Plaintiffs seek an injunction pursuant to Fed. R. Civ. P. 65 and the DTSA requiring Defendants to turn over files and hardware that contain, or are likely to contain, Plaintiffs' trade secrets and other proprietary information. The DTSA empowers a district court to issue an injunction "to prevent any actual or threatened misappropriation" and "if determined appropriate by the court," to "require[e] affirmative actions to be taken to protect the trade secret." 18 U.S.C. § 1836(b)(3)(A)(i)-(ii). It also authorizes the court to award "damages for actual loss caused by the misappropriation of the trade secret" and permits recovery of "damages for any unjust enrichment . . . not addressed in computing damages for actual loss" and of "exemplary damages" in cases where the trade secret was willfully and maliciously misappropriated." Id. § 1836(b)(3)(B)-(C).

The standard for an injunction seeking to preserve the status quo pending arbitration is the same as for preliminary injunctions generally. See Benihana, Inc. v. Benihana of Tokyo, LLC, 784 F.3d 887, 894-95 (2d Cir. 2015). The movant seeking a preliminary injunction must establish that "he is likely to succeed on the merits, that he is likely to suffer irreparable harm in the absence of preliminary relief, that the balance of equities tips in his favor, and that an injunction is in the public interest." Winter v. Nat. Res. Def. Council, Inc., 555 U.S. 7, 20 (2008). "A preliminary injunction is an extraordinary remedy never awarded as of right." Id. at 24.

A. Irreparable Harm

"Irreparable harm is 'injury that is neither remote nor speculative, but actual and imminent and that cannot be remedied by an award of monetary damages.'" New York ex rel. Schneiderman v. Actavis PLC, 787 F.3d 638, 660 (2d Cir. 2015) (quoting Forest City Daly Hous., Inc. v. Town of N. Hempstead, 175 F.3d 144, 153 (2d Cir. 1999)). "A showing of irreparable harm is the single most important prerequisite for the issuance of a preliminary injunction." Faiveley, 559 F.3d at 118. "The moving party must first demonstrate that such injury is likely before the other requirements for the issuance of an injunction will be considered," and in "the absence of a showing of irreparable harm, a motion for a preliminary injunction should be denied." Rodriguez ex rel. Rodriguez v. DeBuono, 175 F.3d 227, 234 (2d Cir. 1999) (citation omitted); see also Hello I Am Elliot, Inc. v. Sine, 2020 WL 3619505, at *14 (S.D.N.Y. July 2, 2020) (declining to address elements beyond irreparable harm).

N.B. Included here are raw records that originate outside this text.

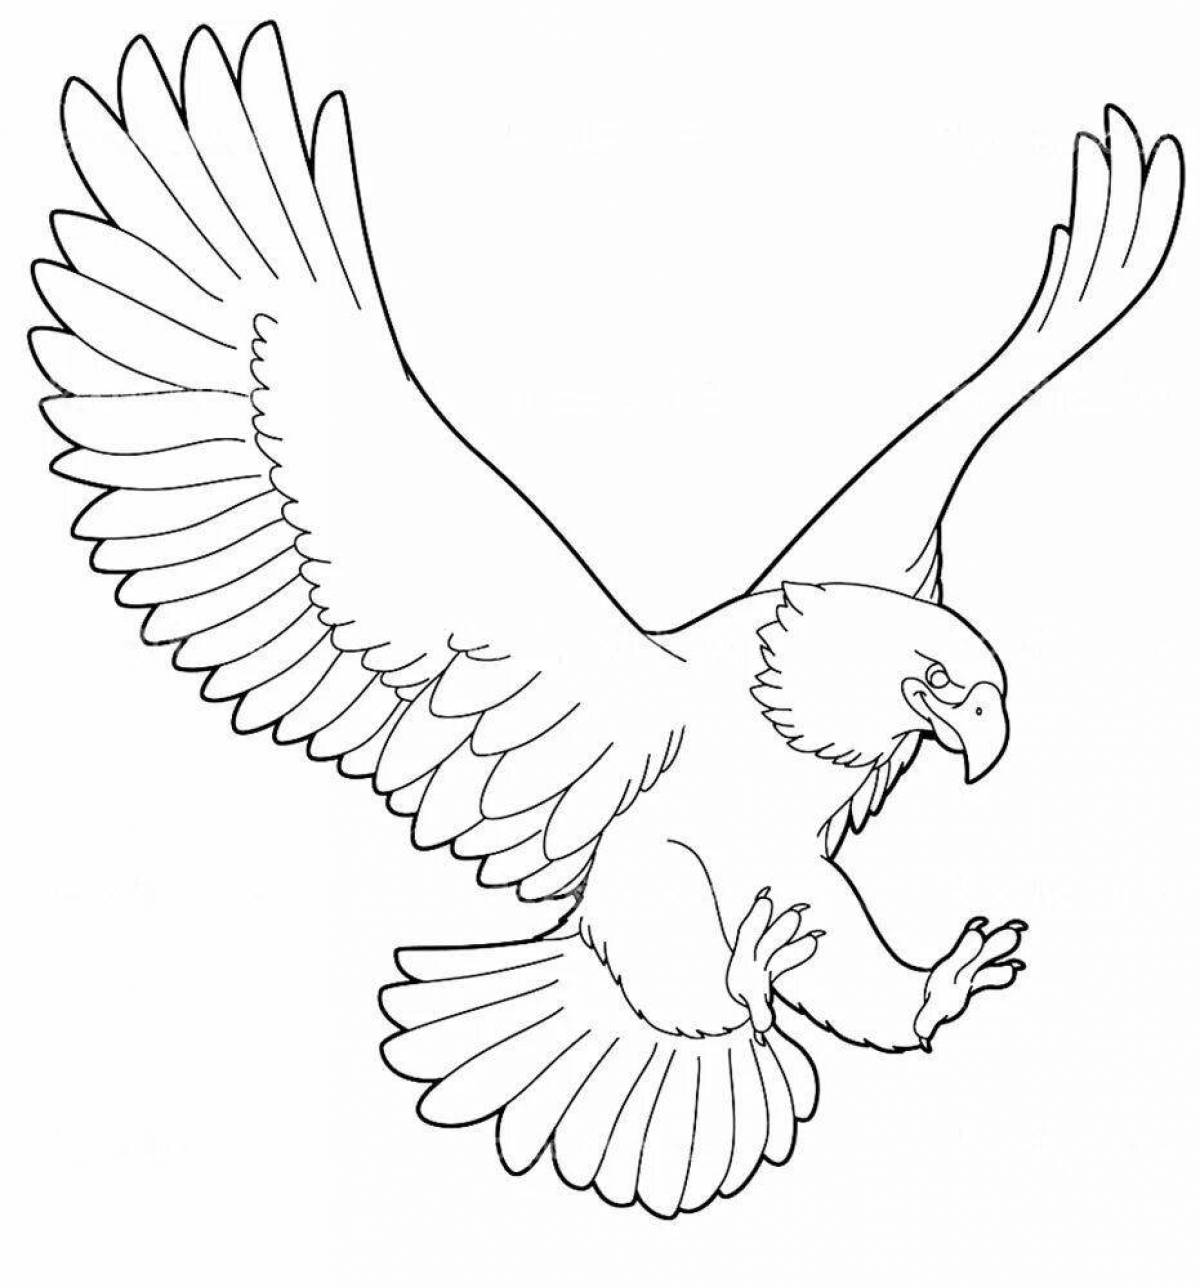 Coloring book brightly colored white-tailed eagle
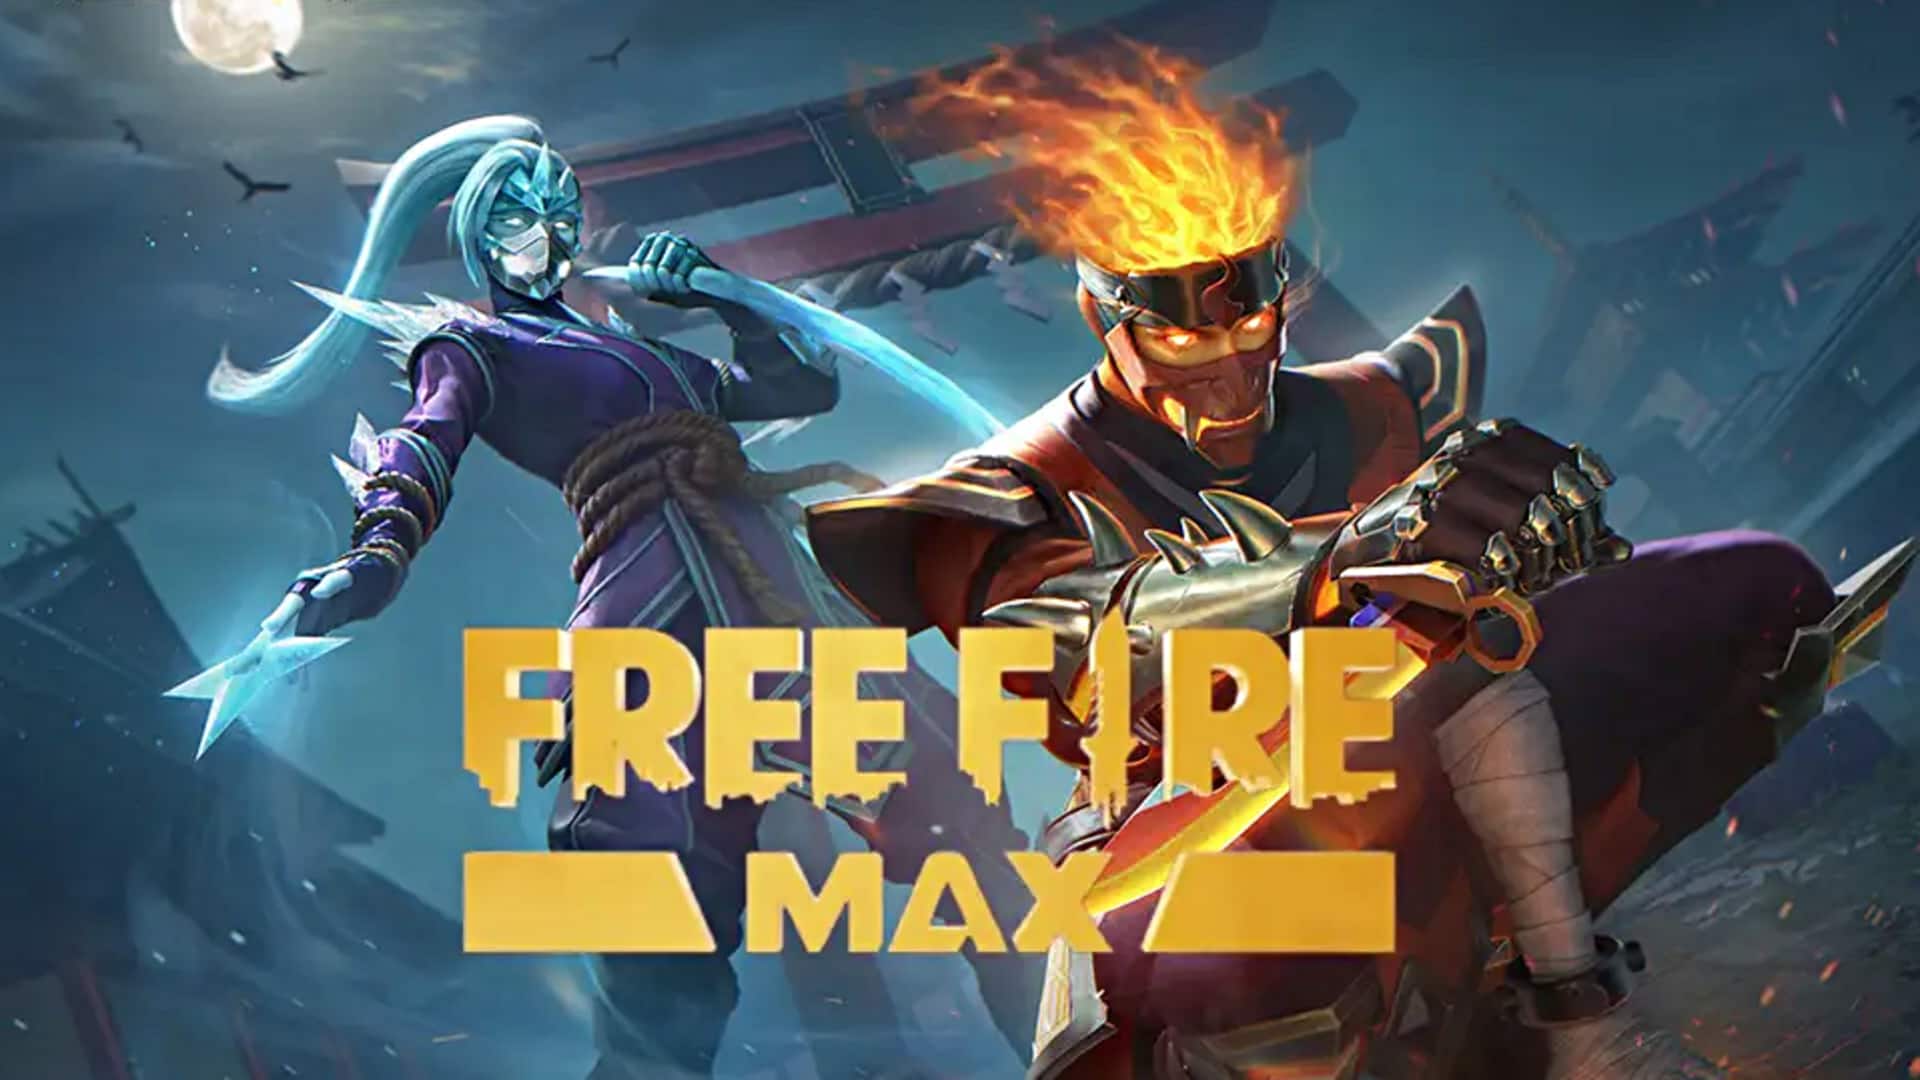 Free Fire MAX codes for January 13: How to redeem
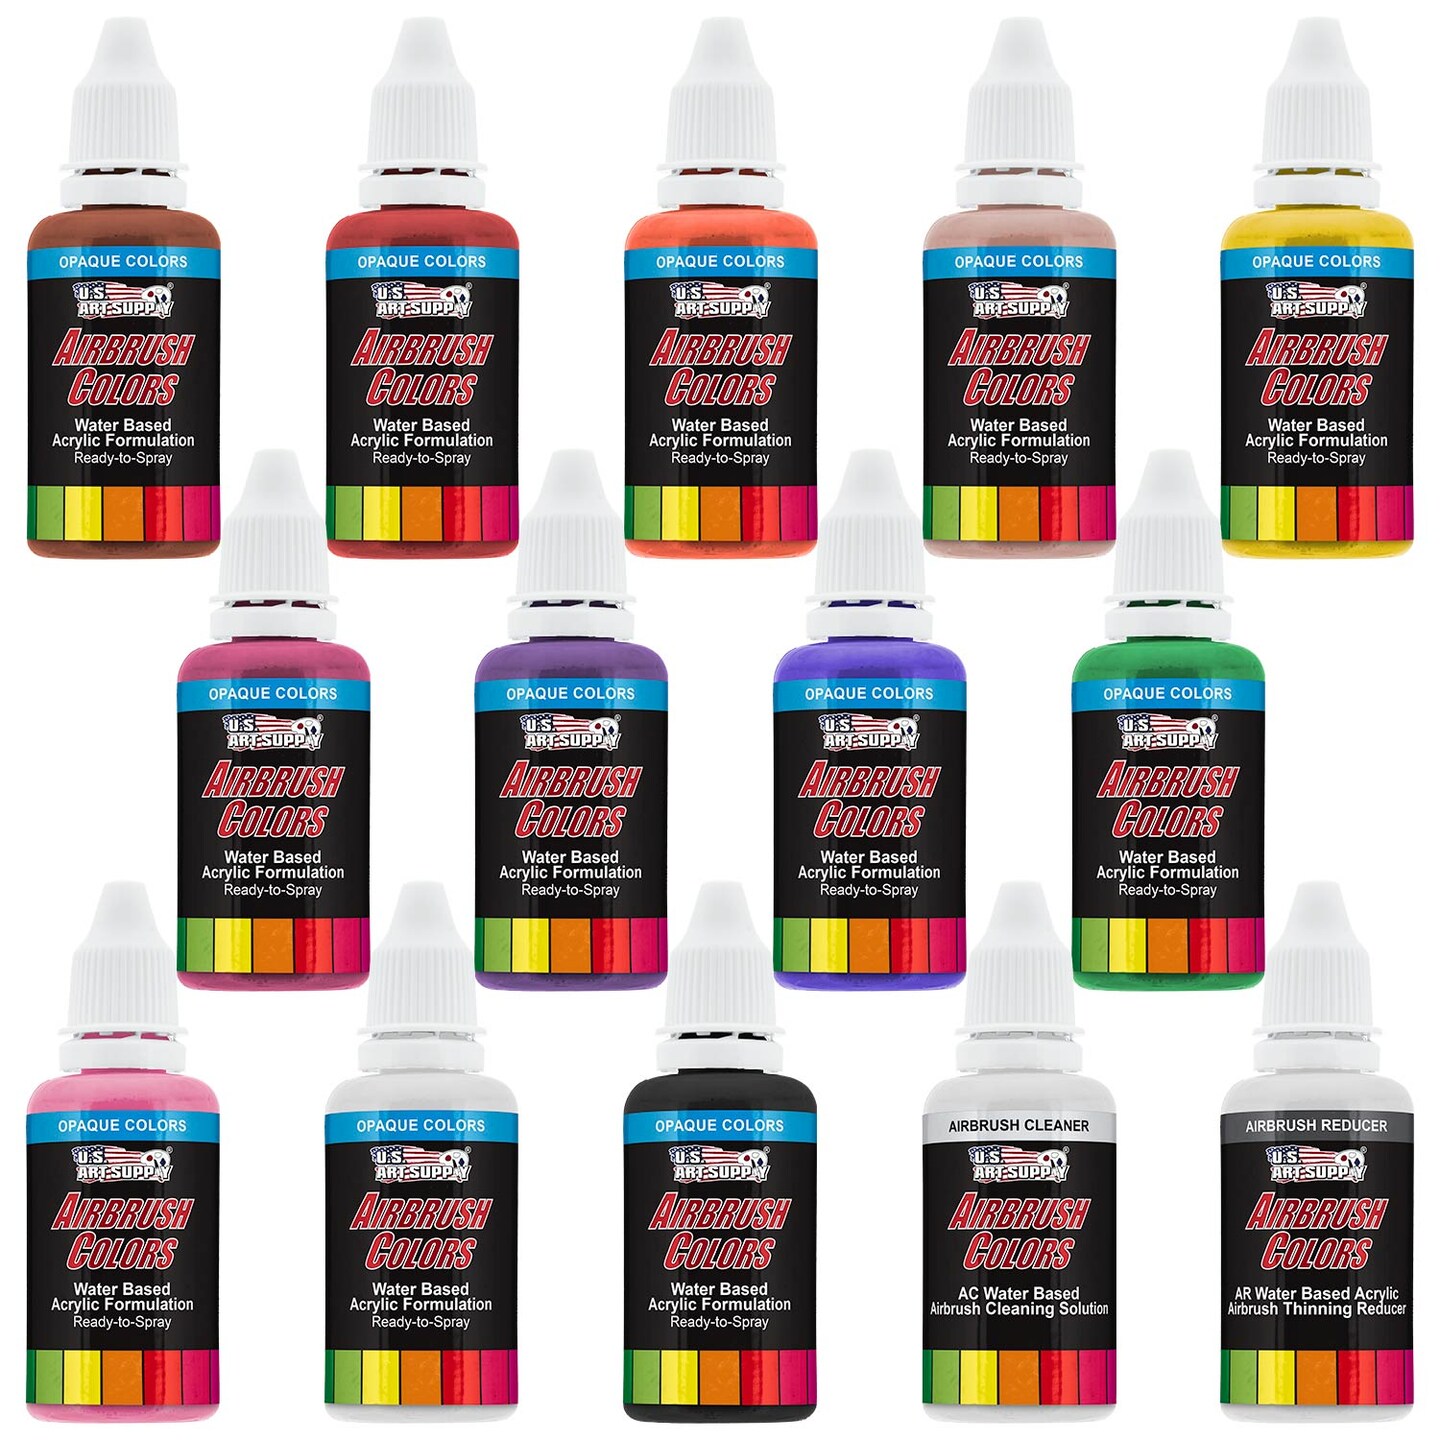 12 Color Primary Opaque Colors Acrylic Airbrush Paint Set with Reducer &#x26; Cleaner, 1 oz. Bottles

Plaintiffs' motion for a preliminary injunction is based on trade secrets that Defendants allegedly improperly acquired during the Acquisition in violation of the DTSA and New York common law. Plaintiffs seek to require Defendants to turn over emails, electronic files, and company-issued computers and cellphones that "contain (or most likely contain) Plaintiffs' trade secrets or other proprietary information." Dkt. No. 128 at 11.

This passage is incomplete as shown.